• _Problem description_
Below are records with pictures in them. Output exactly the lines from the one with "Phosphorus Efficiency of" through the one with "Williamstown Horse and Pony Club", both included, and leave every picture out; give only those lines.

• _Input_

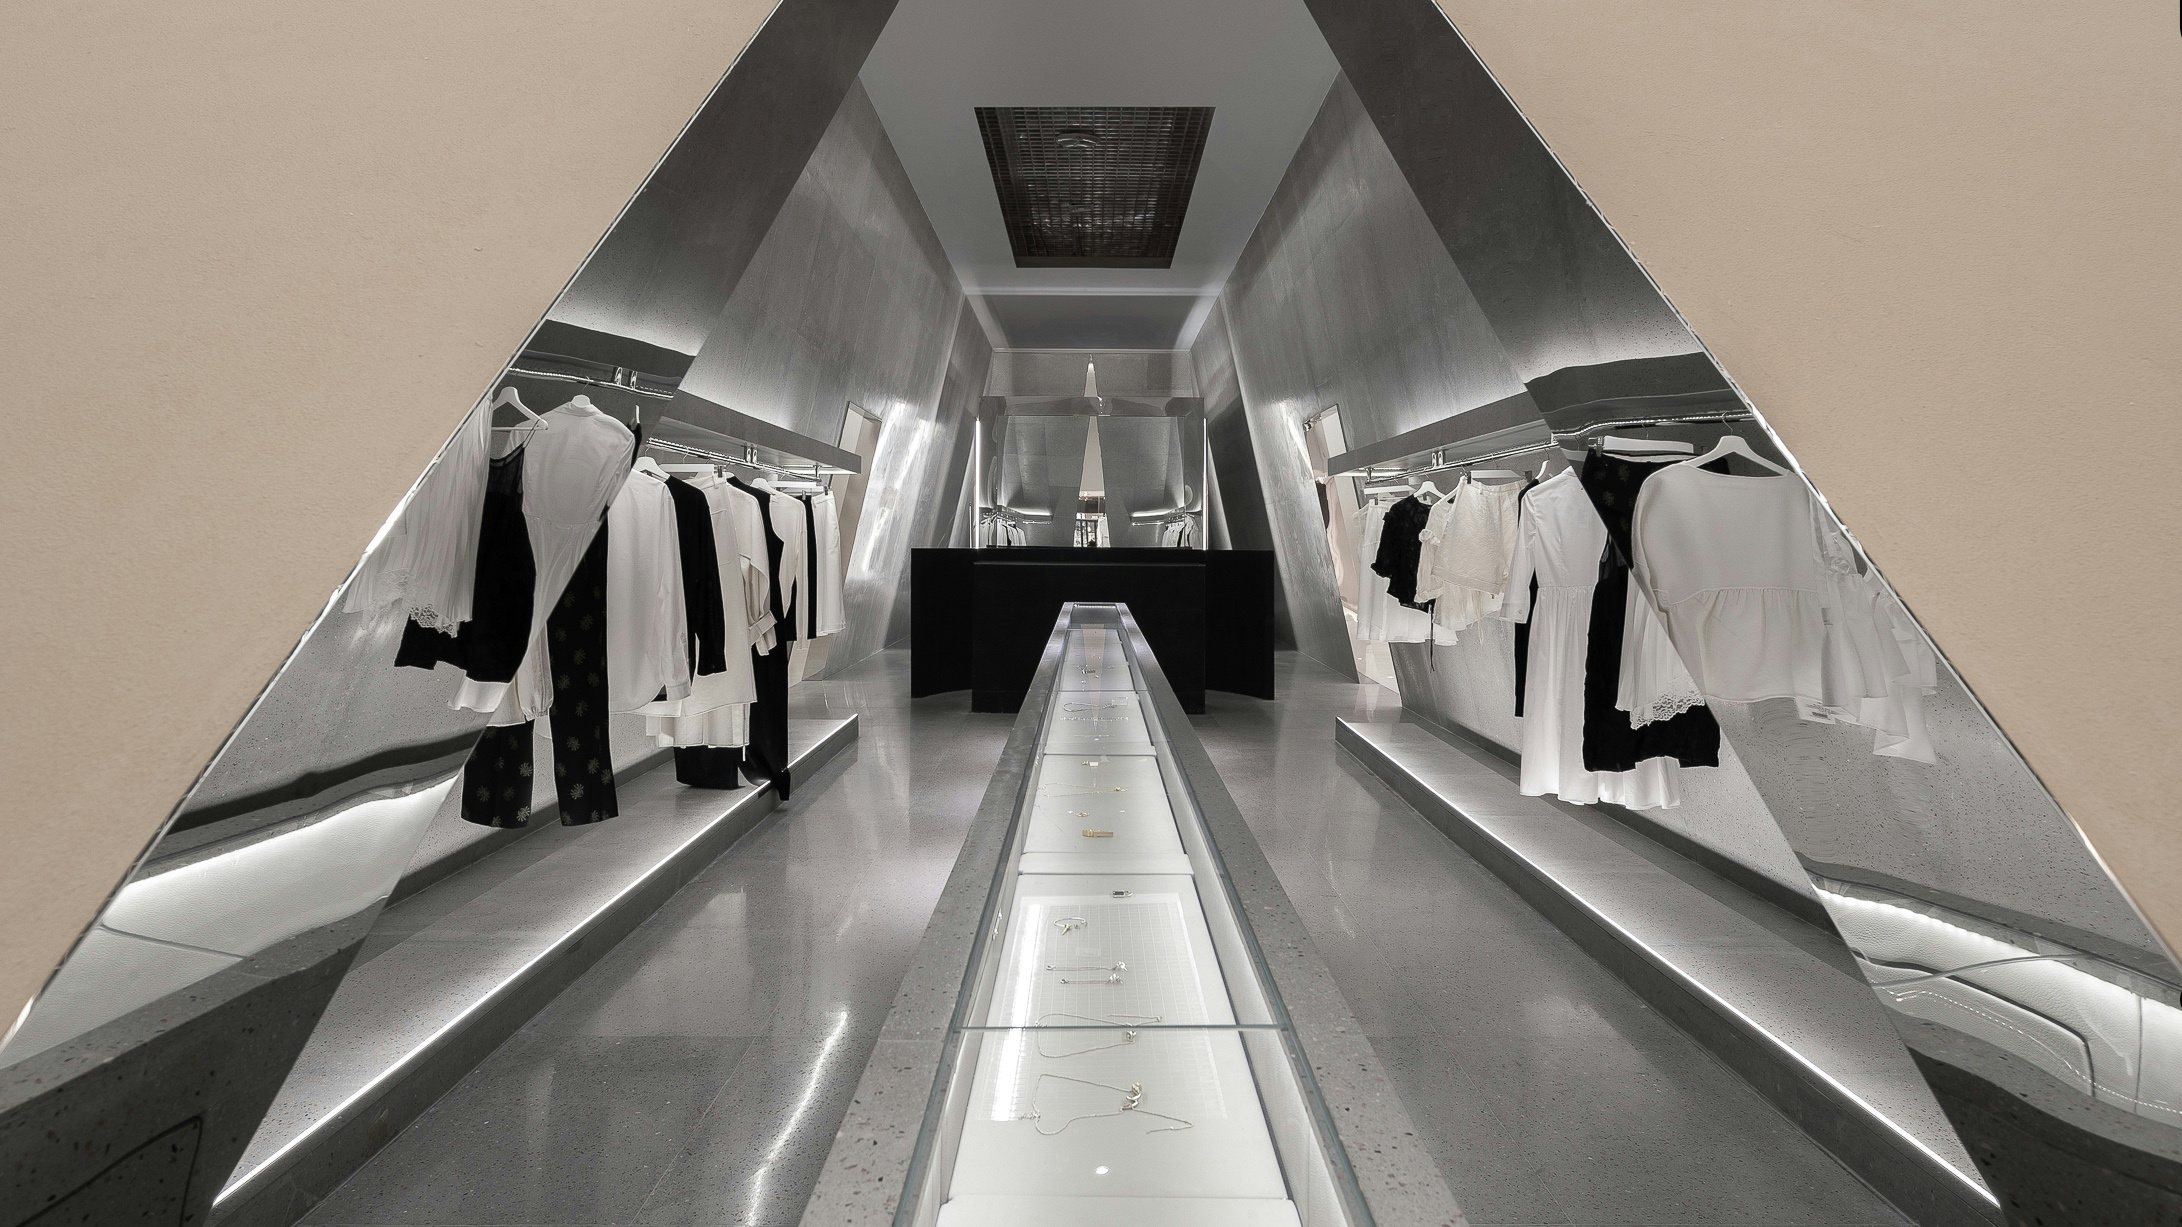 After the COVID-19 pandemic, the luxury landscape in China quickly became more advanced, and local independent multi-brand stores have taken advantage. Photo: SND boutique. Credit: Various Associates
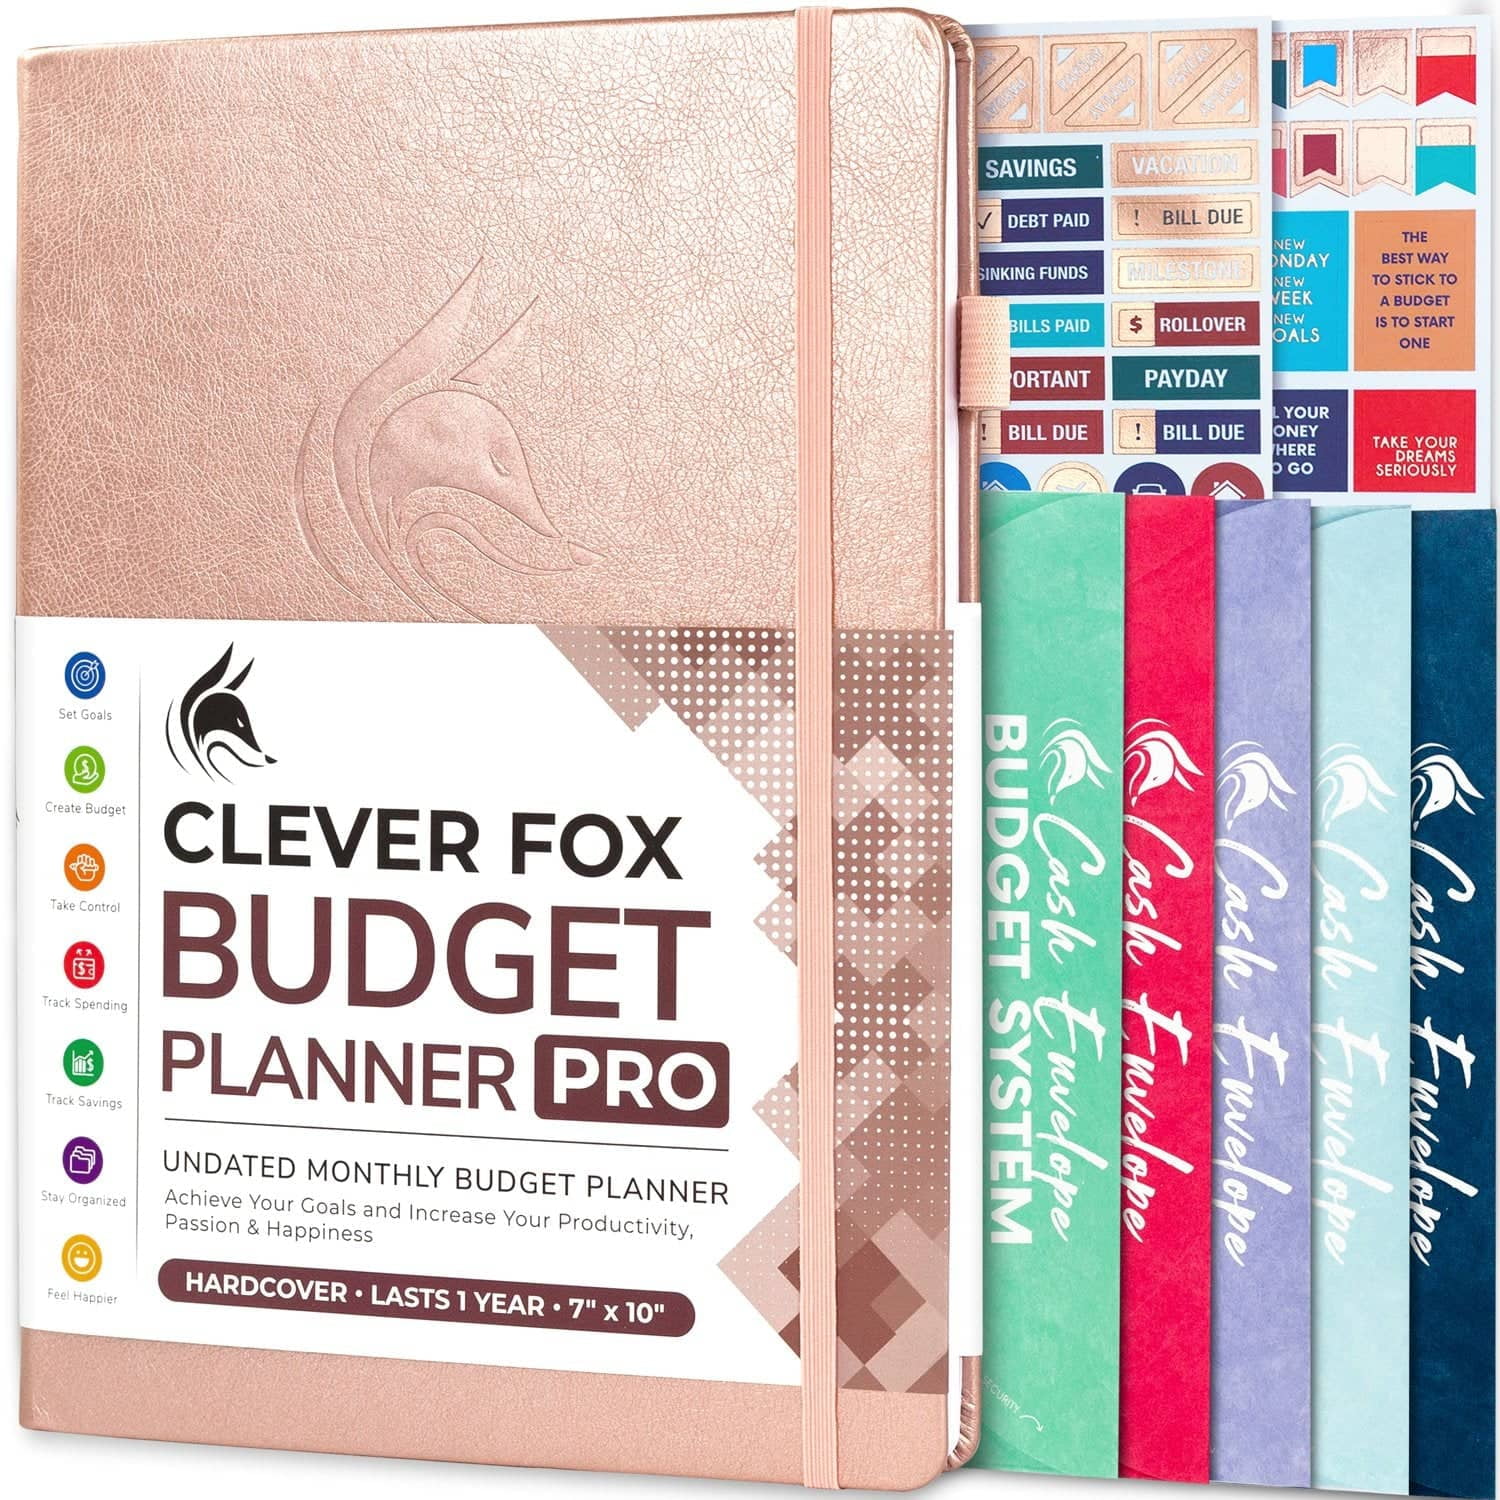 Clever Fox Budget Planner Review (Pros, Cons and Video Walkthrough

---

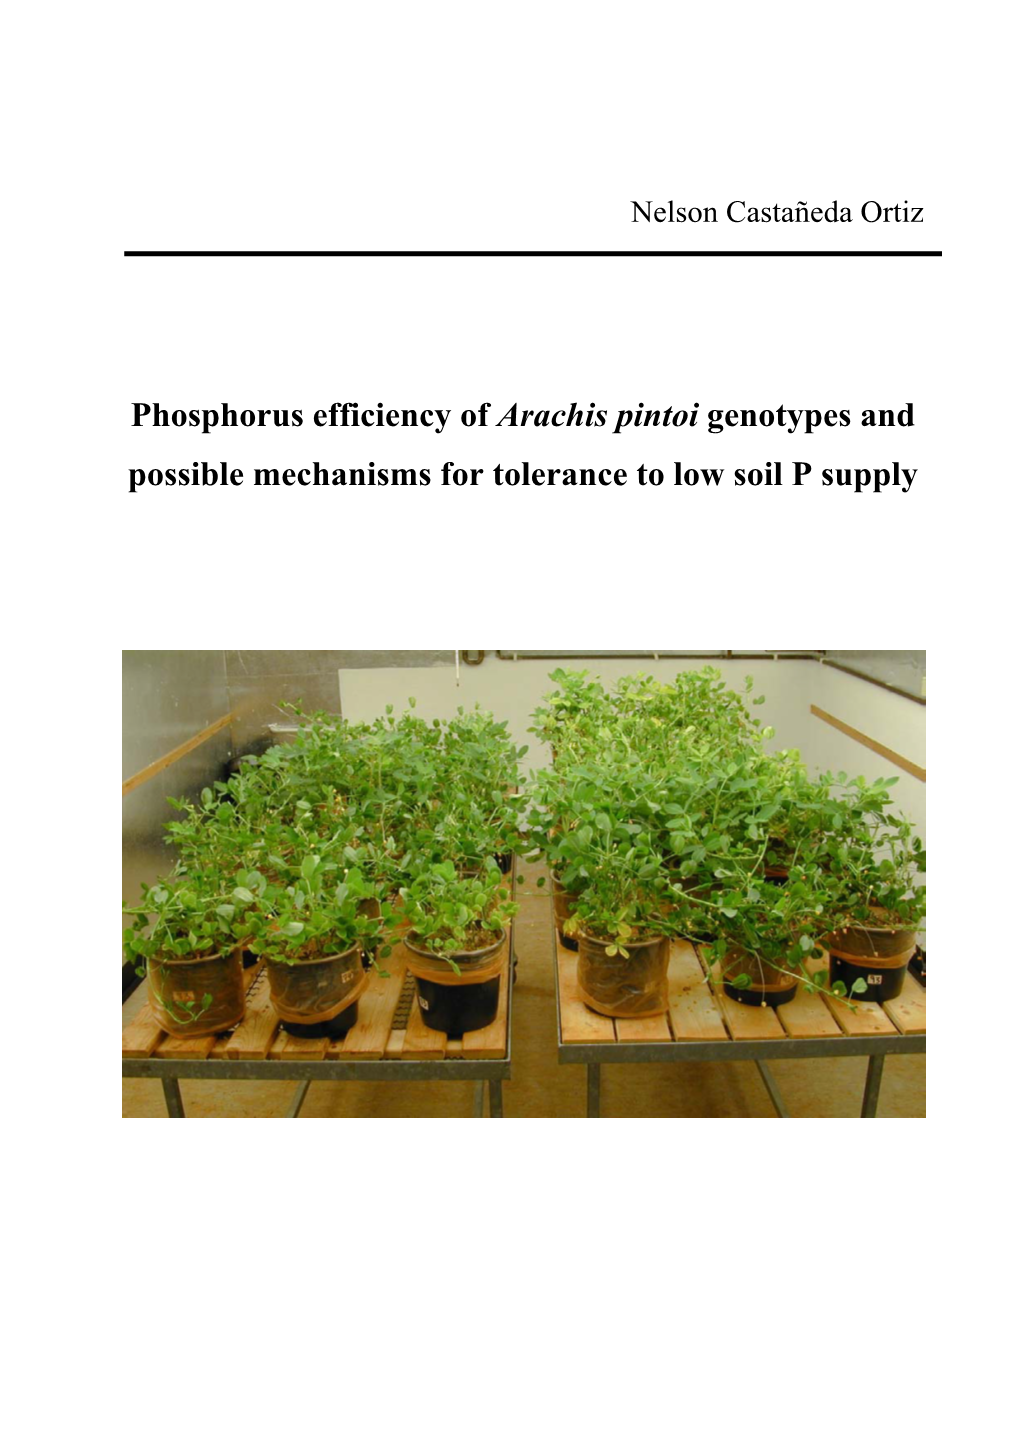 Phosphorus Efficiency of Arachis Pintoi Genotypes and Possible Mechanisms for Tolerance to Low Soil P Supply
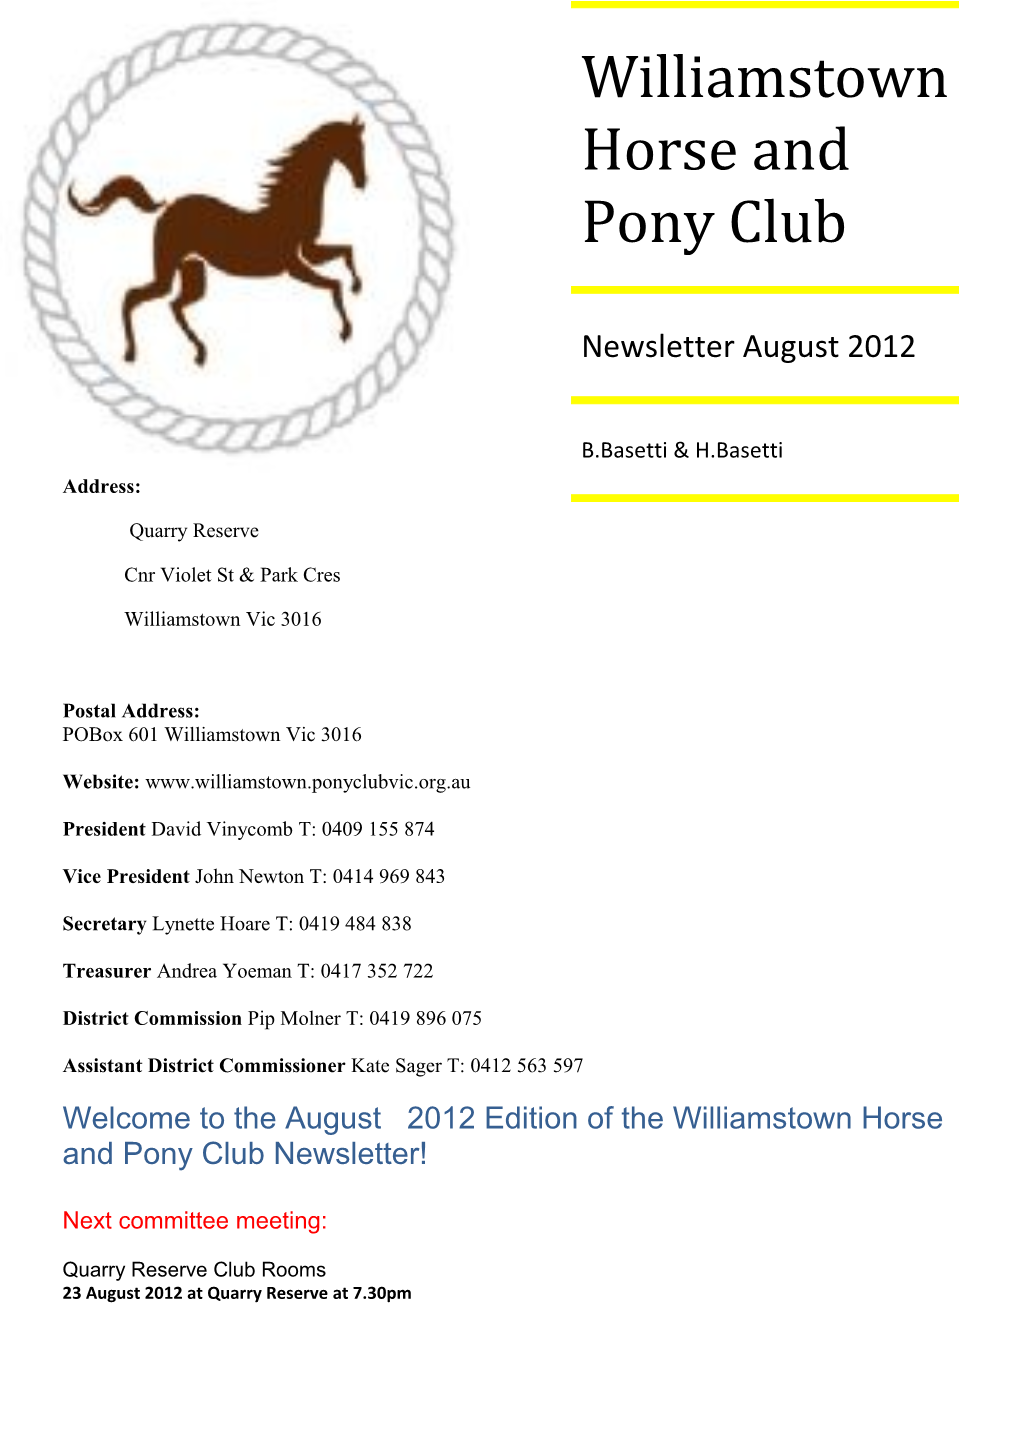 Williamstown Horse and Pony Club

• _Your solution_
 Phosphorus Efficiency of Arachis Pintoi Genotypes and Possible Mechanisms for Tolerance to Low Soil P Supply
 Williamstown Horse and Pony Club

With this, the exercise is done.